Description of the task ▸
From top to bottom, return the listing exactly as it appears, omitting its images.

Supplied data ▸

-- Opening Marker --

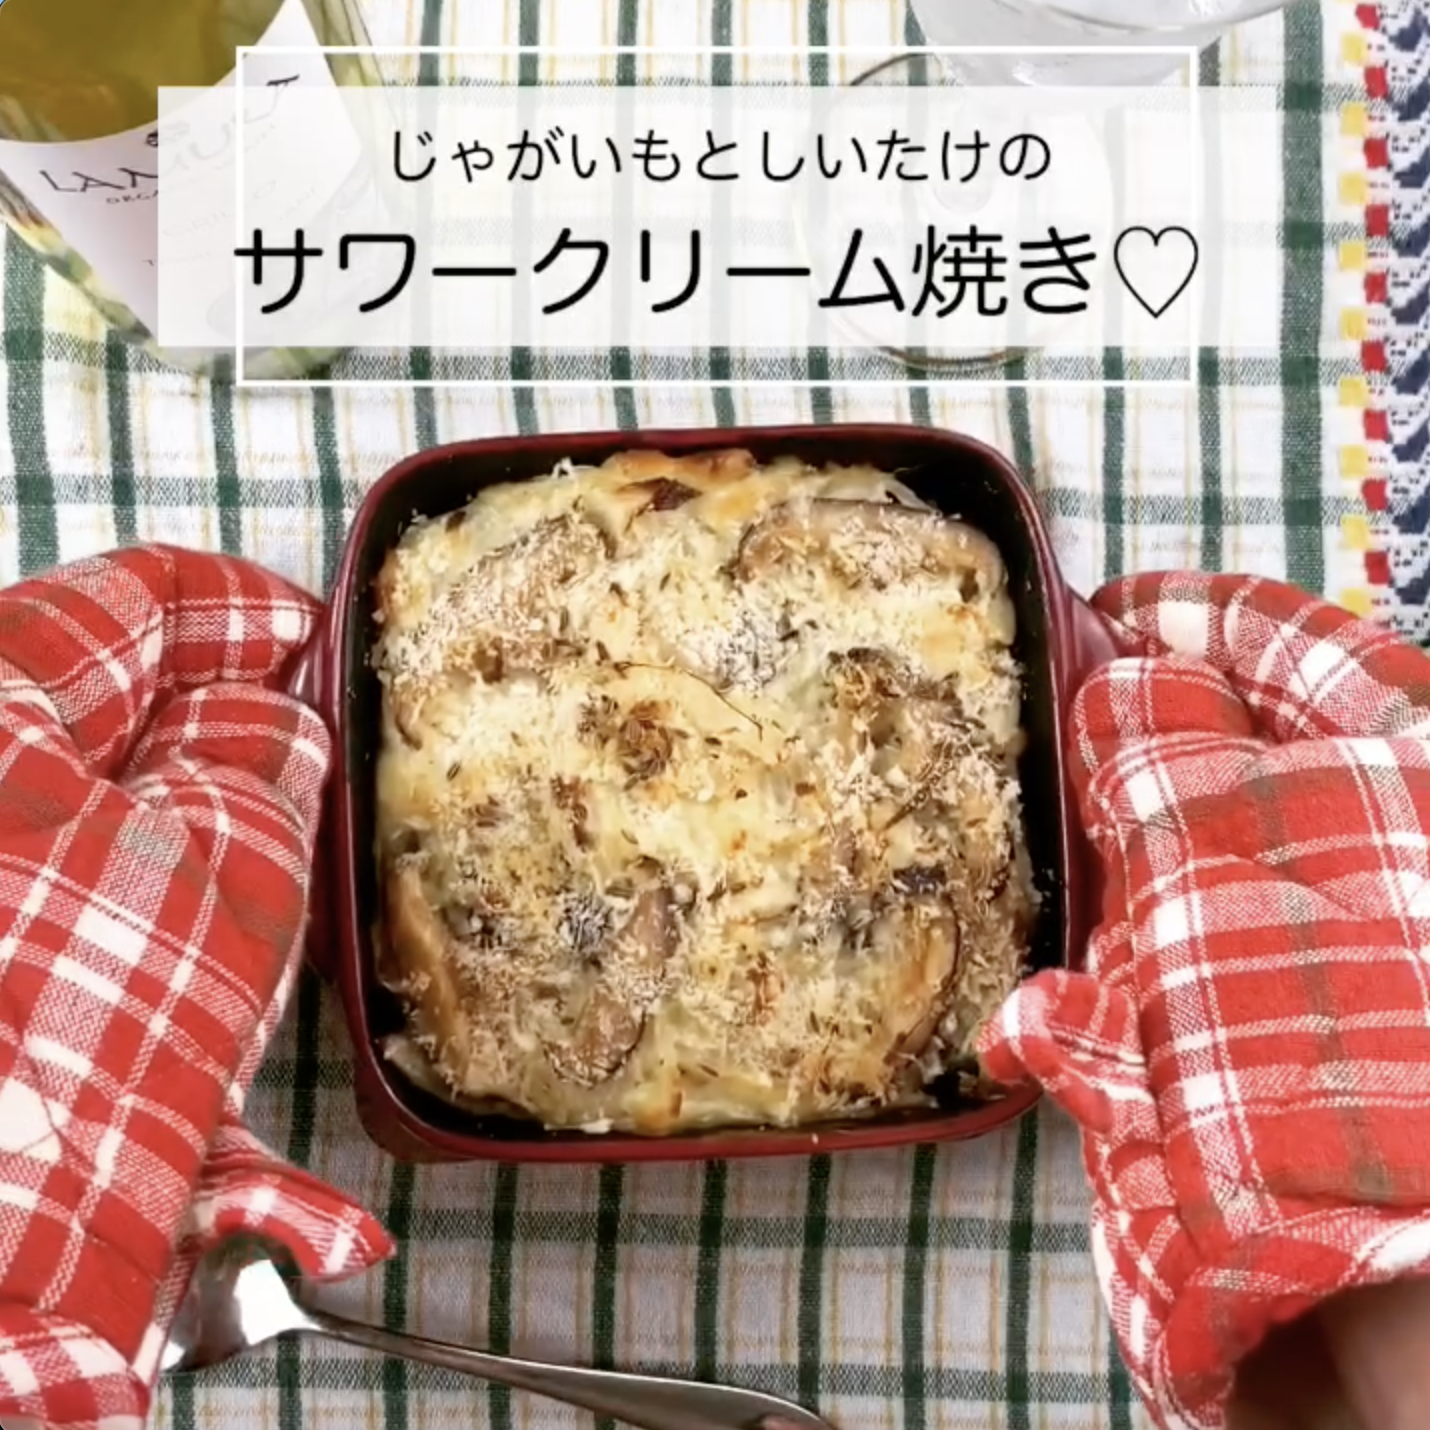 しいたけとじゃがいものサワークリーム焼き のレシピ Shiitake Recipe
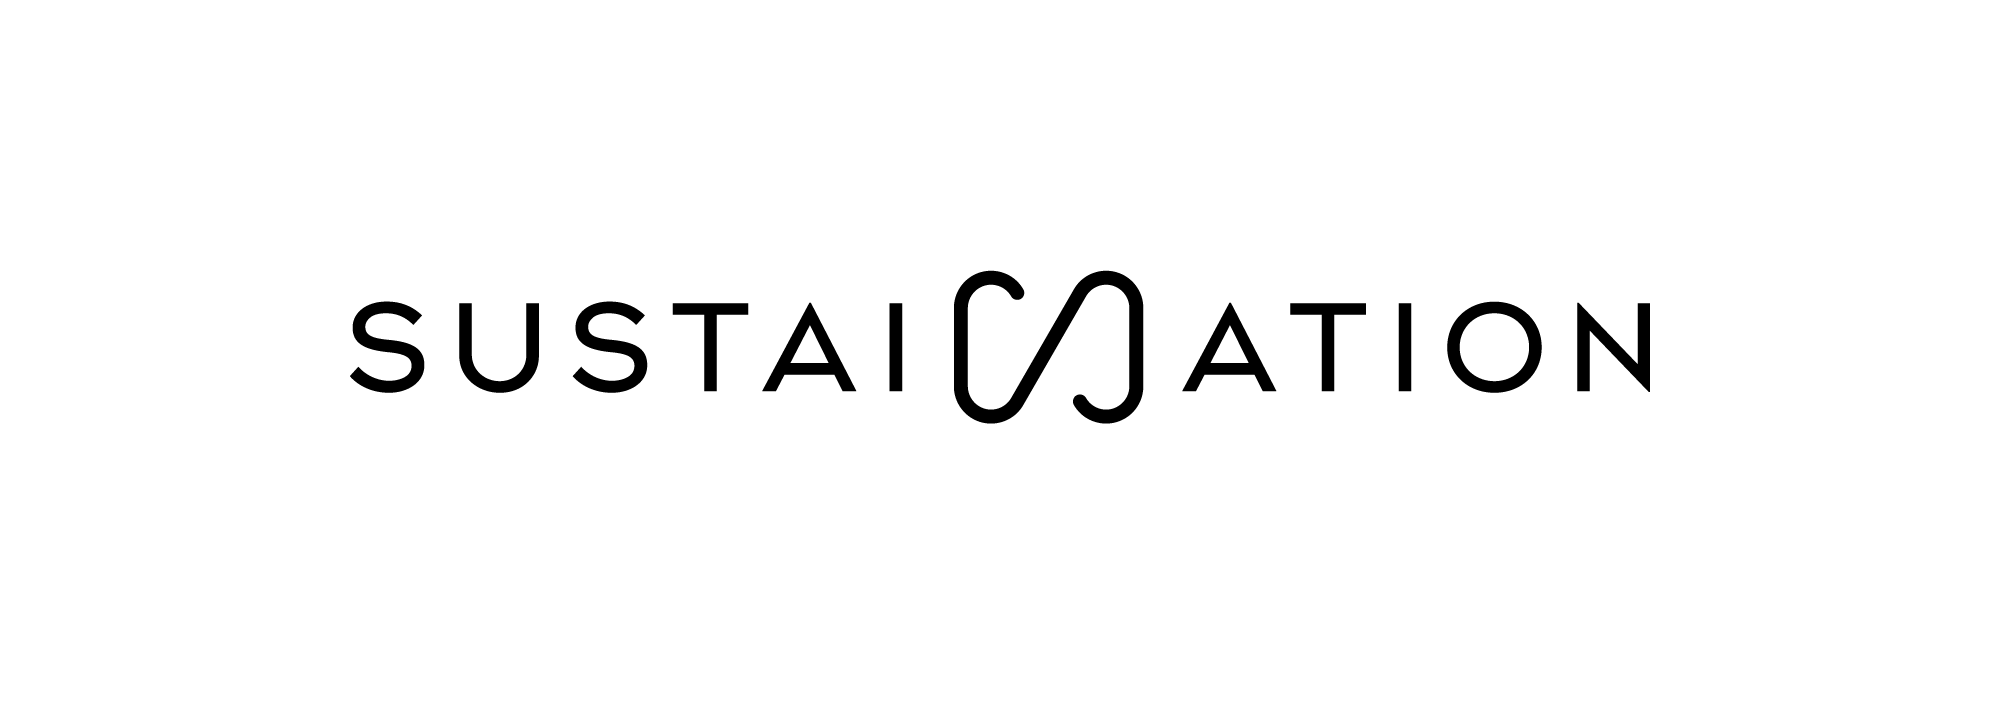 Logo Sustaination black
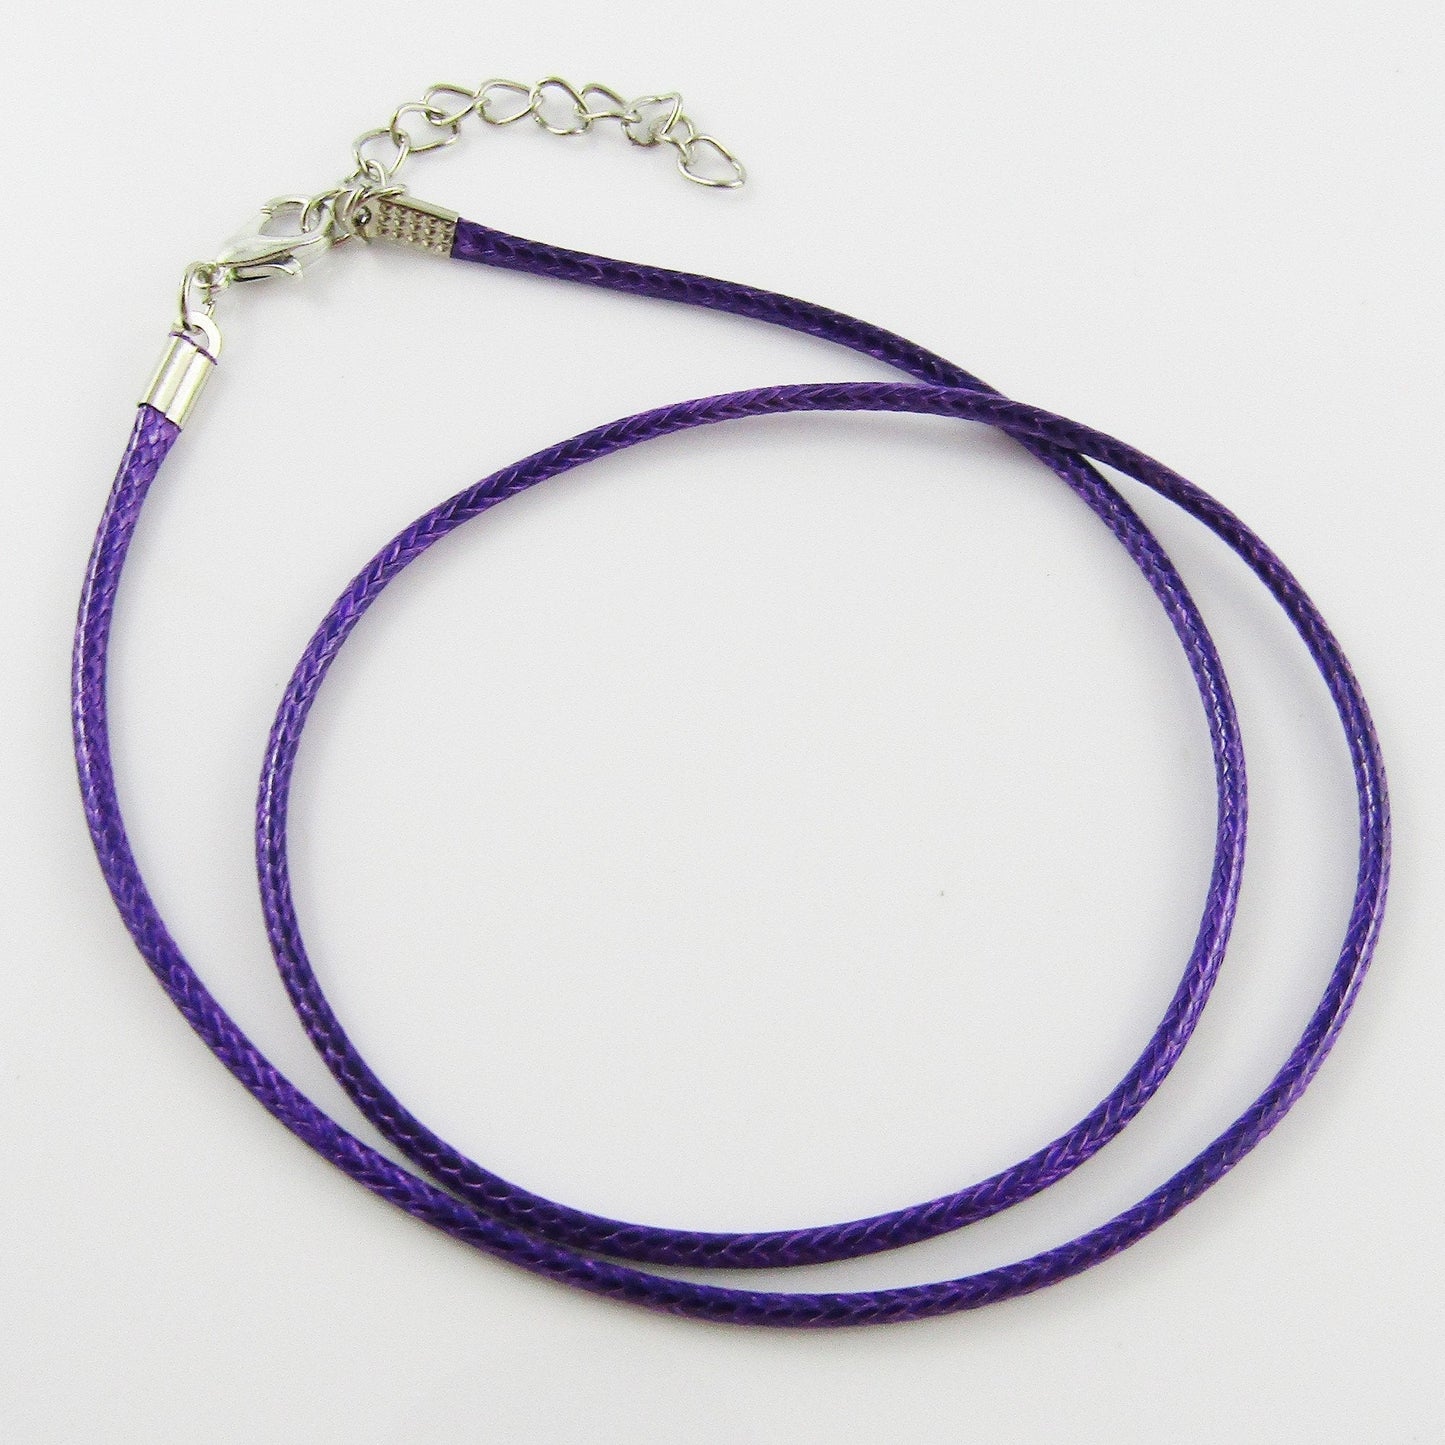 Bulk Pack 10pcs 2mm Purple Cord Necklace 44cm with 5cm Extender

-- Closing Marker --

Output for this exercise ▸
 しいたけとじゃがいものサワークリーム焼き のレシピ Shiitake Recipe
 Logo Sustaination black
 Bulk Pack 10pcs 2mm Purple Cord Necklace 44cm with 5cm Extender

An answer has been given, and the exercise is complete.